The Klan’s second iteration in the 1920s and 1930s functioned as a social fraternity of sorts dedicated to preserving white supremacy. In addition to its hostility towards black civil rights, this version also incorporated anti-Catholicism, anti-Semitism, and xenophobia. Those themes would carry over to the third and modern version of the Klan, which emerged as a response to the African American civil-rights movement’s success in the 1950s and 1960s. The contemporary Klan is more of a movement than a single organized group, ranging from militant factions that support violence to figures seeking mainstream reputability like David Duke.
A largely regionalist ideology grounded in Confederate revivalism and nostalgia for the “Old South.” According to the Southern Poverty Law Center, which monitors hate groups nationwide, neo-Confederate ideology “incorporates advocacy of traditional gender roles, is hostile towards democracy, strongly opposes homosexuality, and exhibits an understanding of race that favors segregation and suggests white supremacy.”
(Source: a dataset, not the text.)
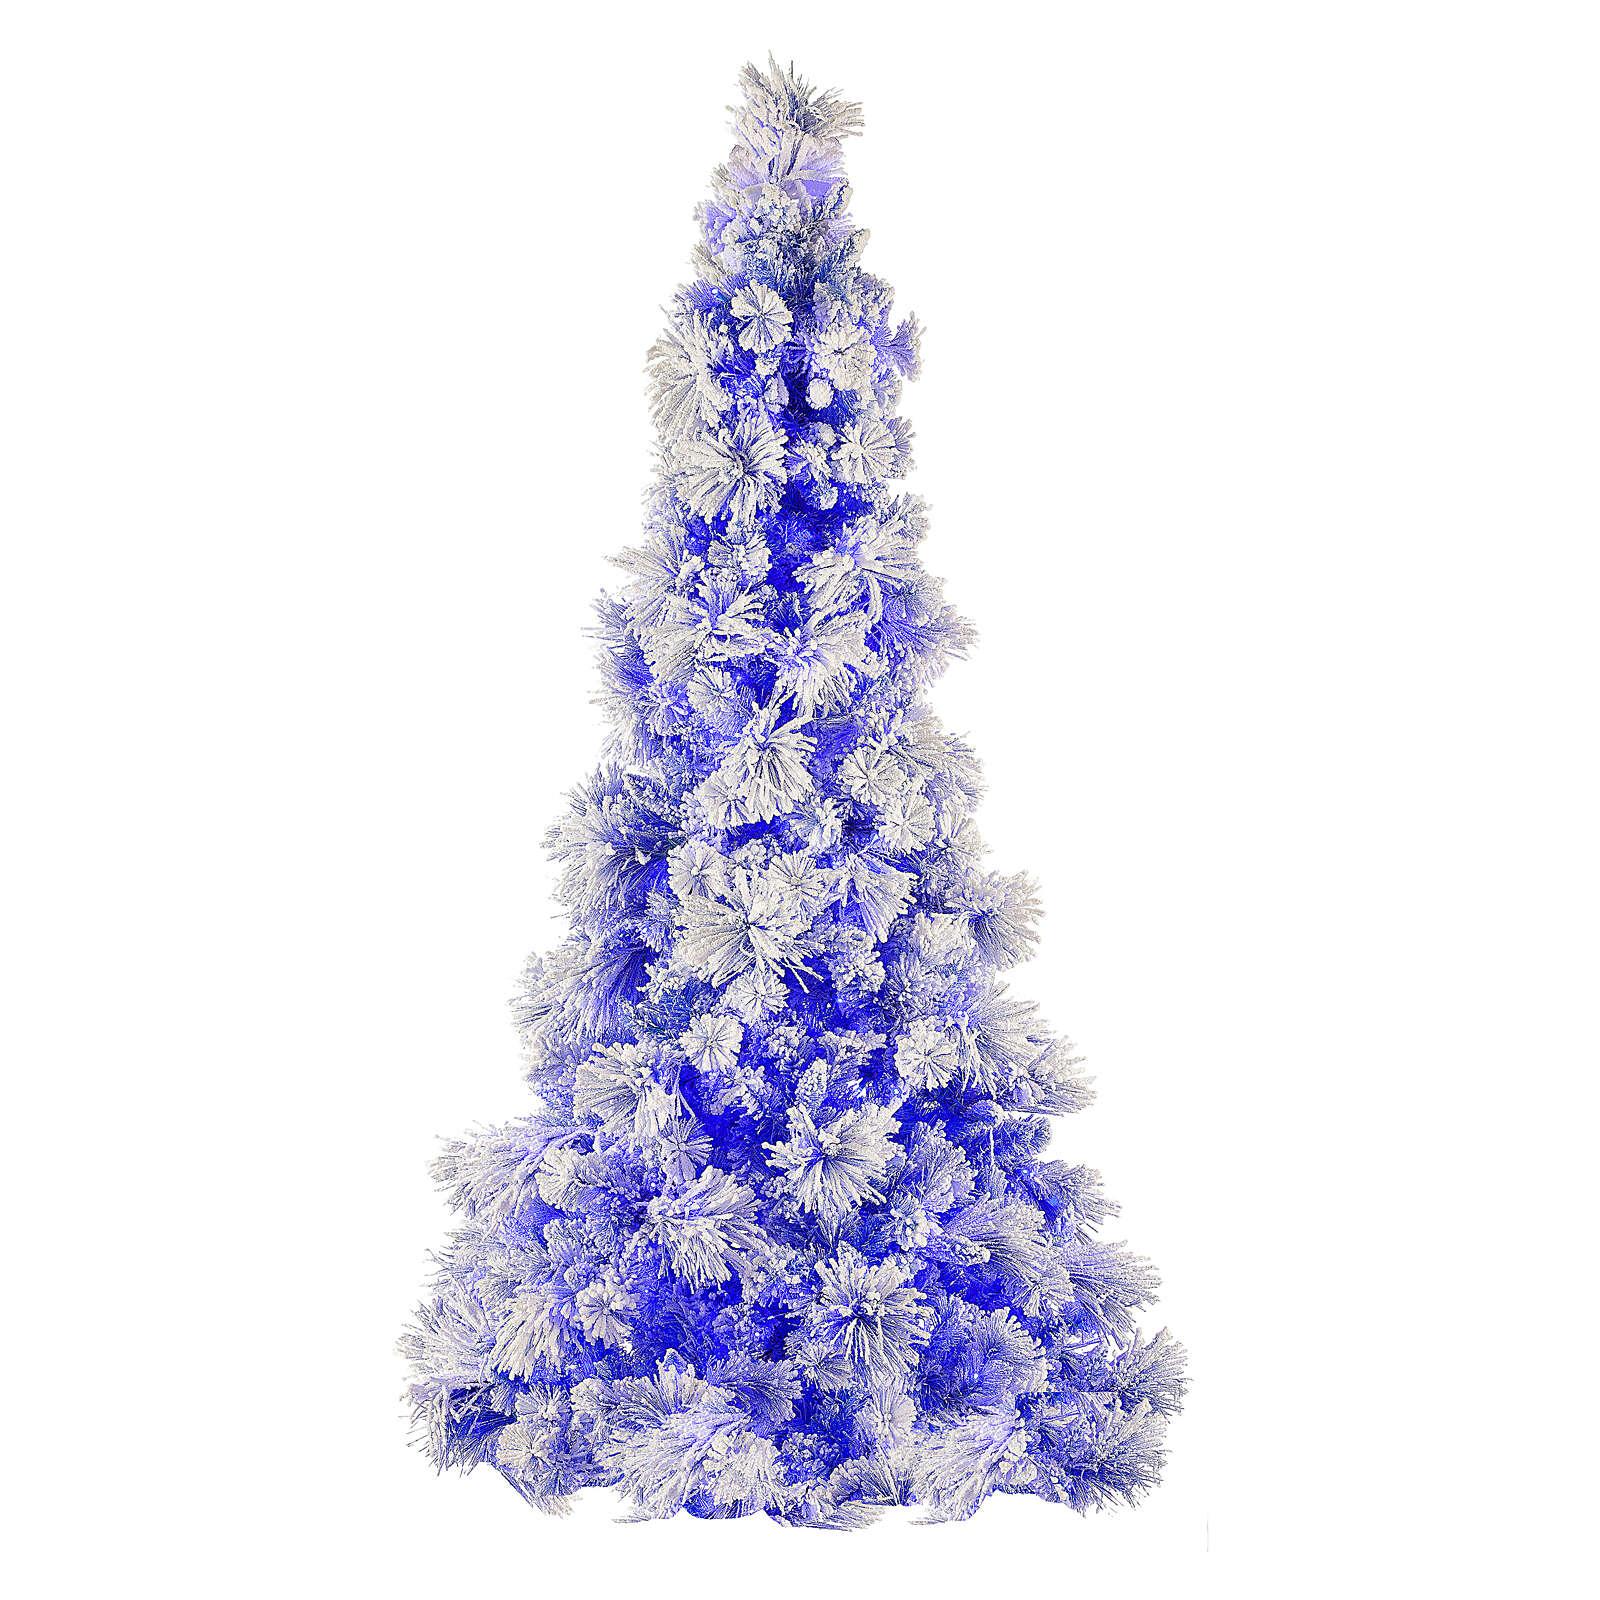 STOCK Albero di Natale Virginia Blue innevato 340 cm con 1100 led 3

What separates the neo-Confederate movement from other white supremacists is its historical narrative. A cornerstone of the ideology is the “Lost Cause” mythology of the Civil War, which portrays the South as a victim of Northern aggression against states’ rights. It also favors a hostile view toward Reconstruction-era reforms towards multiracial democracy, often relying upon the Dunning School of history that overemphasized Republican corruption and elided white Southern violence.
The term “alt-right” was coined in 2008 by Richard Spencer, a white nationalist who has called for a “peaceful ethnic cleansing” of the United States. Spencer is best known for giving a speech met with Nazi salutes at a white-nationalist conference in November to celebrate Trump’s victory. While many of those who identify with the alt-right also identify with white nationalism or white supremacy, not all of them openly espouse such beliefs.
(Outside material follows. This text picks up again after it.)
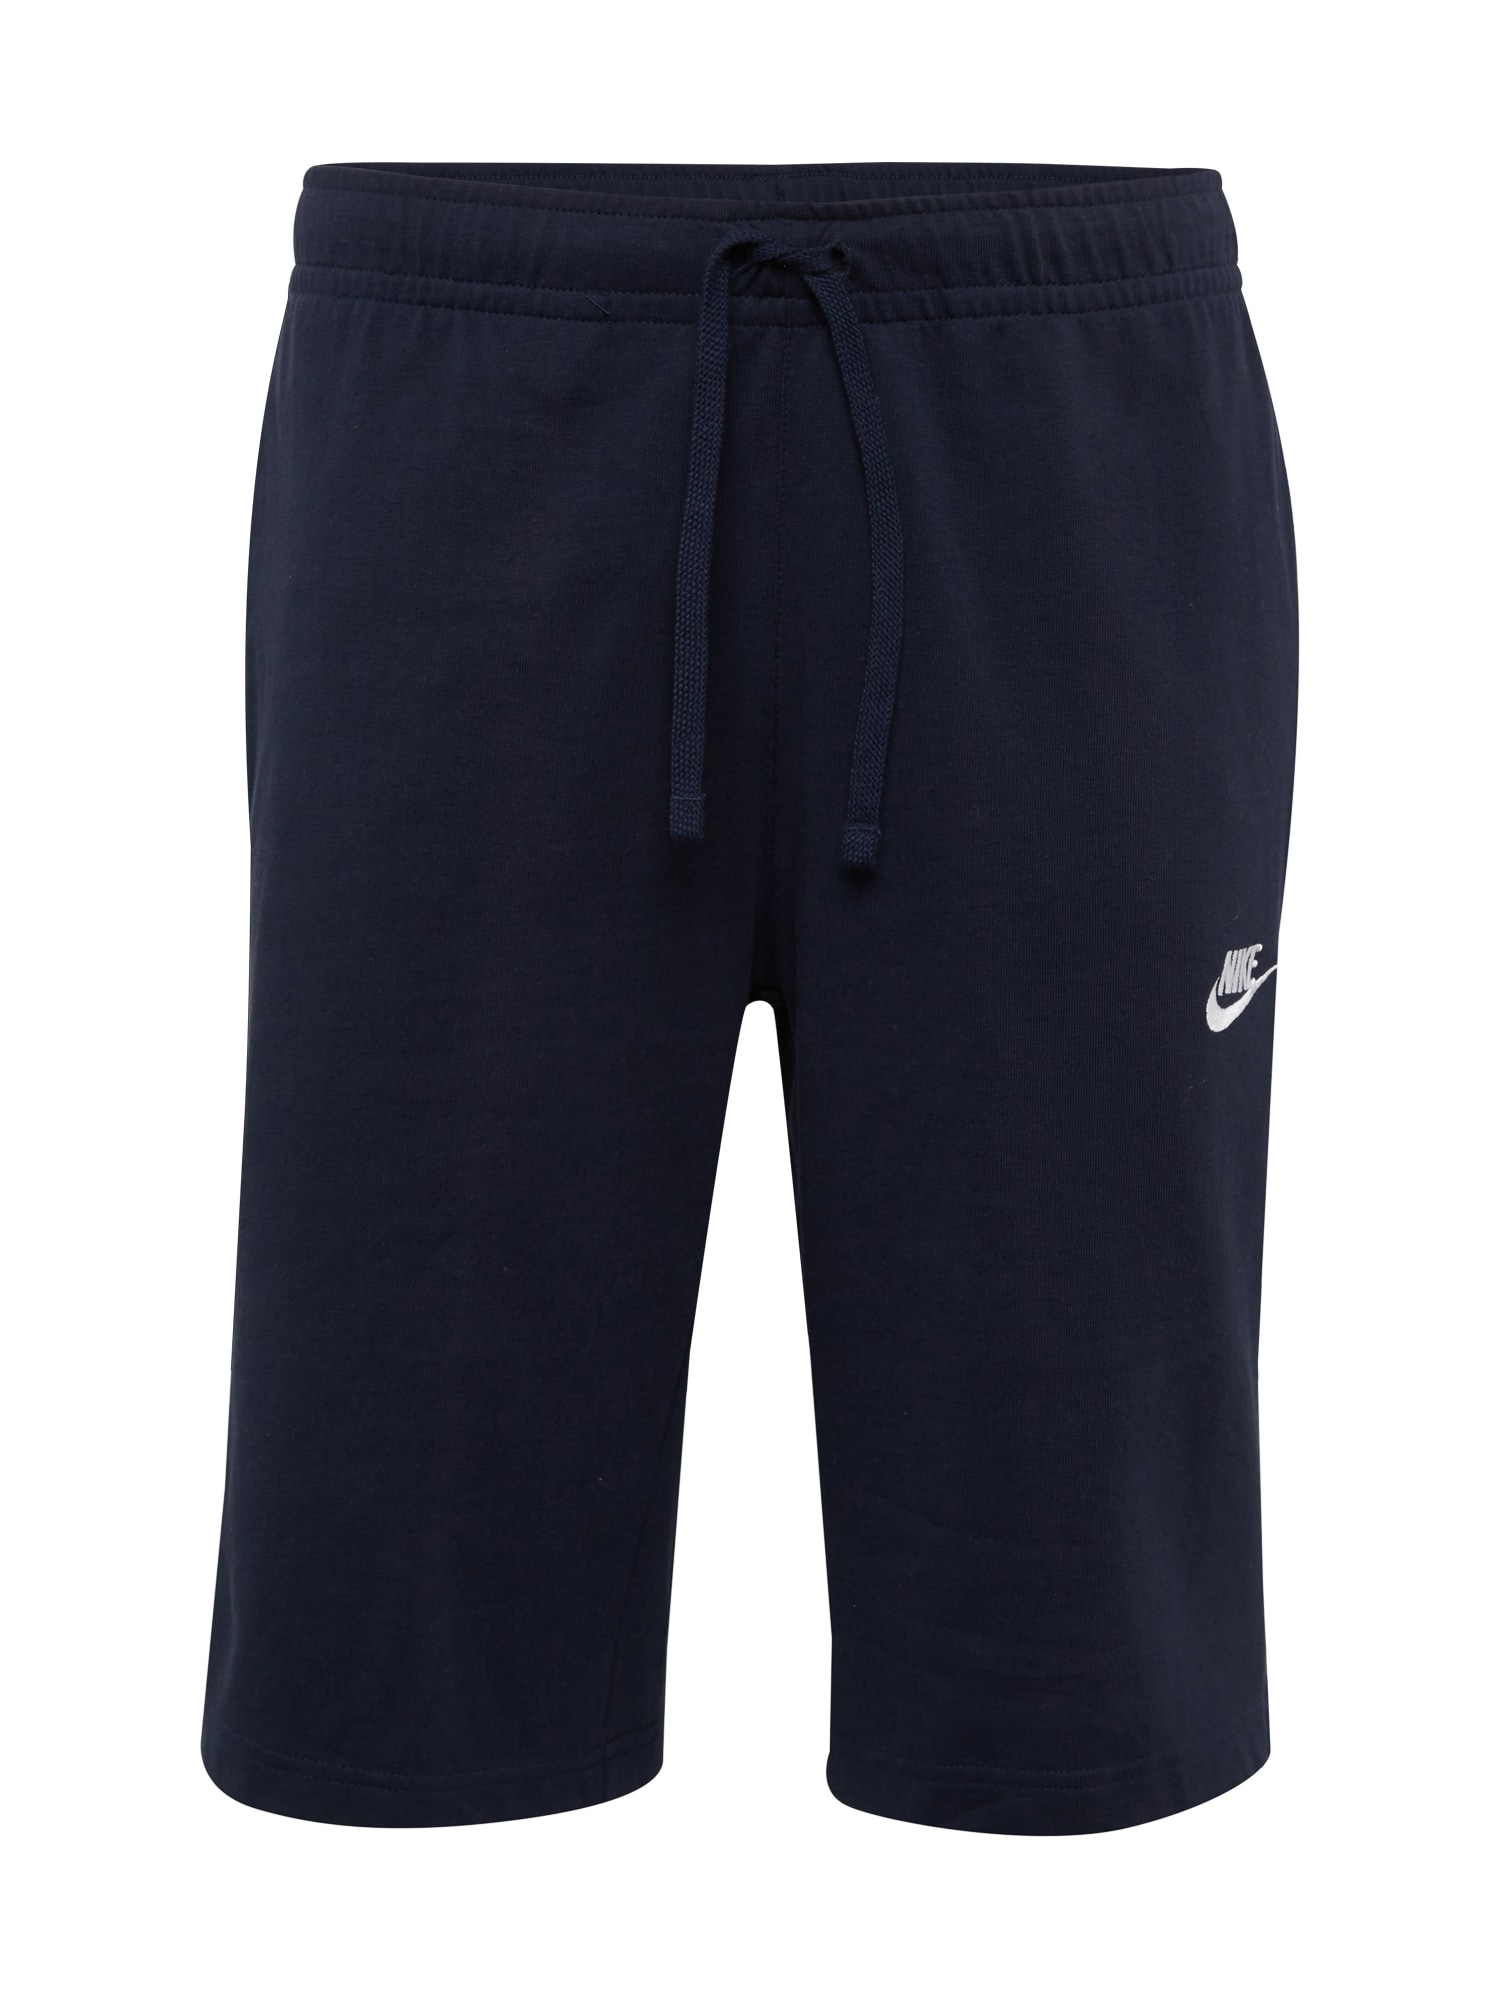 Kalhoty NSW SHORT JERSEY CLUB tmavě modrá Nike Sportswear

What nearly all alt-right groups and advocates share is a hostility toward Muslims as well as opposition to immigration, modern feminism, egalitarianism, and pluralistic societies. Some entirely reject liberal democracy. Internet culture shapes the alt-right’s rhetoric and provides a lingua franca for its ideologically nebulous followers. It also draws heavily in tone and tactics from the Gamergate movement, a loosely affiliated connection of online trolls that harassed feminists in the video game industry.
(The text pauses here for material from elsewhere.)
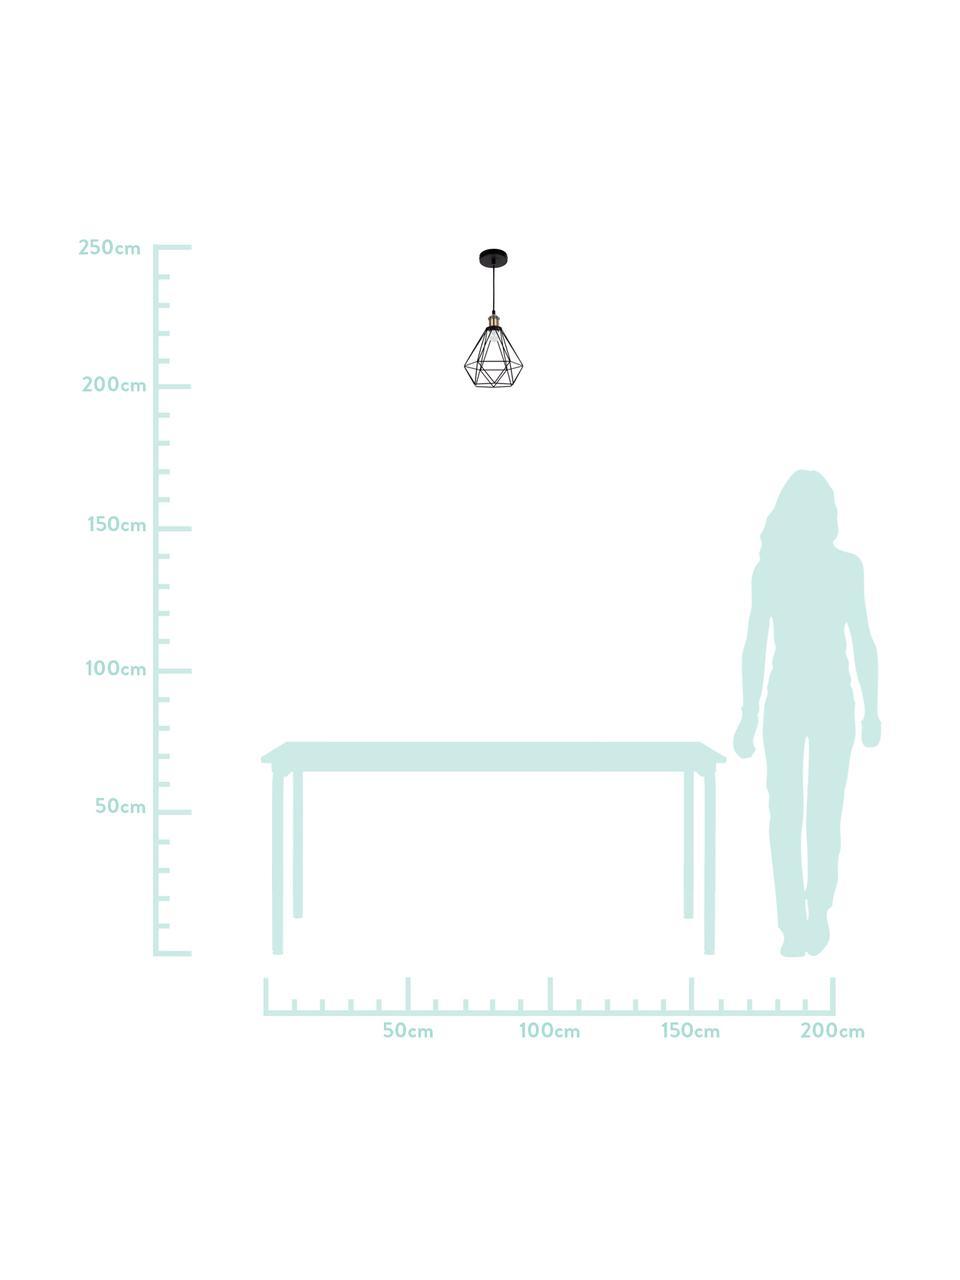 Lampada a sospensione industrial nera Agnes, Paralume: metallo, Decorazione: alluminio, Baldacchino: metallo, Struttura: nero, ottone Paralume: nero, Ø 21 x Alt. 22 cm

Those affiliated with the alt-right portray themselves as steadfast defenders of American society against left-wing political correctness enforced by a globalized elite. Some alt-right members use anti-Semitic tropes and describe the globalist elite as Jewish; others do not. Many prominent alt-right figures have been lightning-rods for controversy. Milo Yiannopoulos, a Breitbart writer, was permanently banned from Twitter for inciting harassment of black actress Leslie Jones.
The movement gained increased prominence due to its enthusiastic support for Donald Trump’s presidential campaign. Most notably, Breitbart News chairman and Trump campaign CEO Steve Bannon declared his publication to be the “voice of the alt-right.”